By the end of the term, you’ll be equipped to design, build, and ship complex, AI-native systems from the ground up.
3 Required Software and AI Tools
Students are required to purchase their own Claude Code subscription at the Pro level ($20/month) for the duration of the course. This is a required course cost. If this creates a financial hardship, contact course staff as soon as possible to discuss your situation.
4 Learning Outcomes
After successfully completing this course, you will be able to:
AI-Assisted Coding — Use AI coding assistants productively for design, code generation, refactoring, and debugging — and critically evaluate when to leverage an LLM versus solving problems manually.
Prompt Engineering — Apply advanced prompting techniques (k-shot, chain-of-thought, RAG, tool calling, self-consistency, reflexion) to get reliable, high-quality outputs from LLMs.
Retrieval-Augmented Generation (RAG) — Extend AI knowledge with external information using chunking, embeddings, semantic and lexical search, and vector databases.
Full-Stack Development — Build and deploy web applications with a modern stack using AI to accelerate every phase.
Modular Design — Decompose problems into well-structured classes and modules using design patterns to build maintainable, modular software.
Testing & Quality Assurance — Write and autogenerate unit, integration, and regression tests; use TDD; generate property-based and coverage-based tests; evaluate AI-generated test suites for correctness and completeness.
Version Control & Collaboration — Use Git effectively for branching, pull requests, code review, and team-based workflows.
Code Review — Perform manual code reviews and evaluate AI-assisted code review tools.
Security — Apply static analysis and linters to identify vulnerabilities, and remediate issues with AI assistance.
Agentic Workflows — Build and use autonomous coding agents, custom MCP servers, and multi-agent systems for development automation.
Cloud & Deployment — Containerize applications with Docker; deploy to cloud platforms; set up CI/CD pipelines.
Documentation — Write clear technical documentation including design docs and API references; use AI to generate and improve documentation while ensuring accuracy.
Critical Evaluation — Assess AI-generated code for correctness, security, and maintainability; document AI successes and failures; understand limitations, ethical concerns, and responsible use policies.
5 Topics
The following list of lecture topics will vary according to the pace of the course:
Foundations: software engineering overview, GenAI landscape, and development environment setup
Version control with Git and GitHub: branching, pull requests, and team workflows
Prompt engineering: zero-shot, k-shot, chain-of-thought, tool calling, and reflexion
Retrieval-Augmented Generation (RAG)
AI-assisted development with Claude Code
Web frameworks: FastAPI
Testing and code quality: pytest, TDD, AI-generated tests, and coverage analysis
Databases and cloud tools
Software architecture: design patterns and code organization
Autonomous coding agents and Model Context Protocol (MCP)
Multi-agent workflows: concurrent agents, git worktrees, and agentic environments
AI-powered code review: manual vs.

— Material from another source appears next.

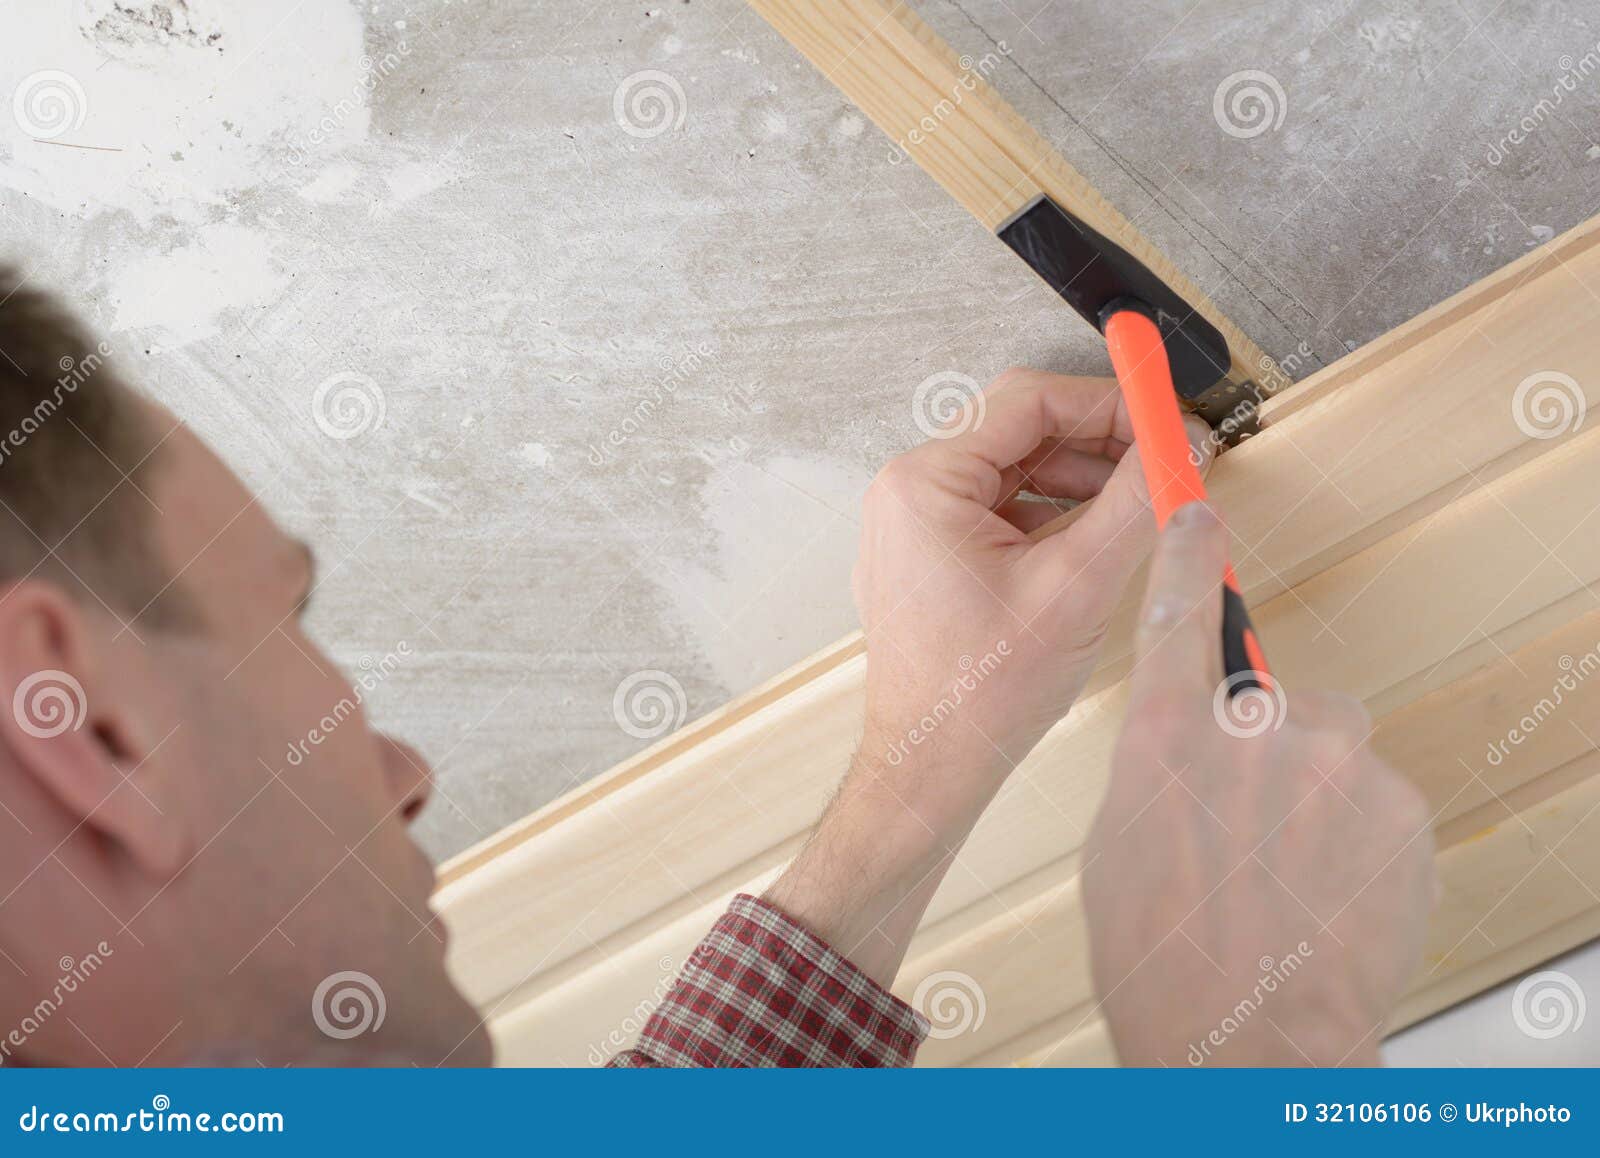 Wood Panelling The Ceiling Stock Photo Image Of Home 32106106

AI review and automated PR workflows
Application security risks, static code analysis, security scanning, and AI-assisted vulnerability remediation
Deployment: Docker, CI/CD pipelines (GitHub Actions), and cloud deployment
Ethical considerations: IP, energy consumption, workforce impact, and responsible AI use
6 Course Structure
The course will consist of in-person lectures. There are two midterms, a final, several projects, a final project, lecture exercises, and several quizzes.
7 Tips for Success in this Course
Participate. Lectures include many hands-on exercises. Engage deeply, ask questions, and talk about the course content with your classmates. You can learn a great deal from discussing ideas and perspectives with your peers and professor. Participation can also help you articulate your thoughts and develop critical thinking skills.
Stay current. The technology is moving fast. Stay current enough to recognize important changes, experiment with them, and understand which ones actually matter for software engineering. Build a level of expertise that remains valuable even as individual tools change.
Work with your peers. Most projects are pair or group projects. Take responsibility and learn to work with your peers. It is an important skill because you will be working with people for your entire work life.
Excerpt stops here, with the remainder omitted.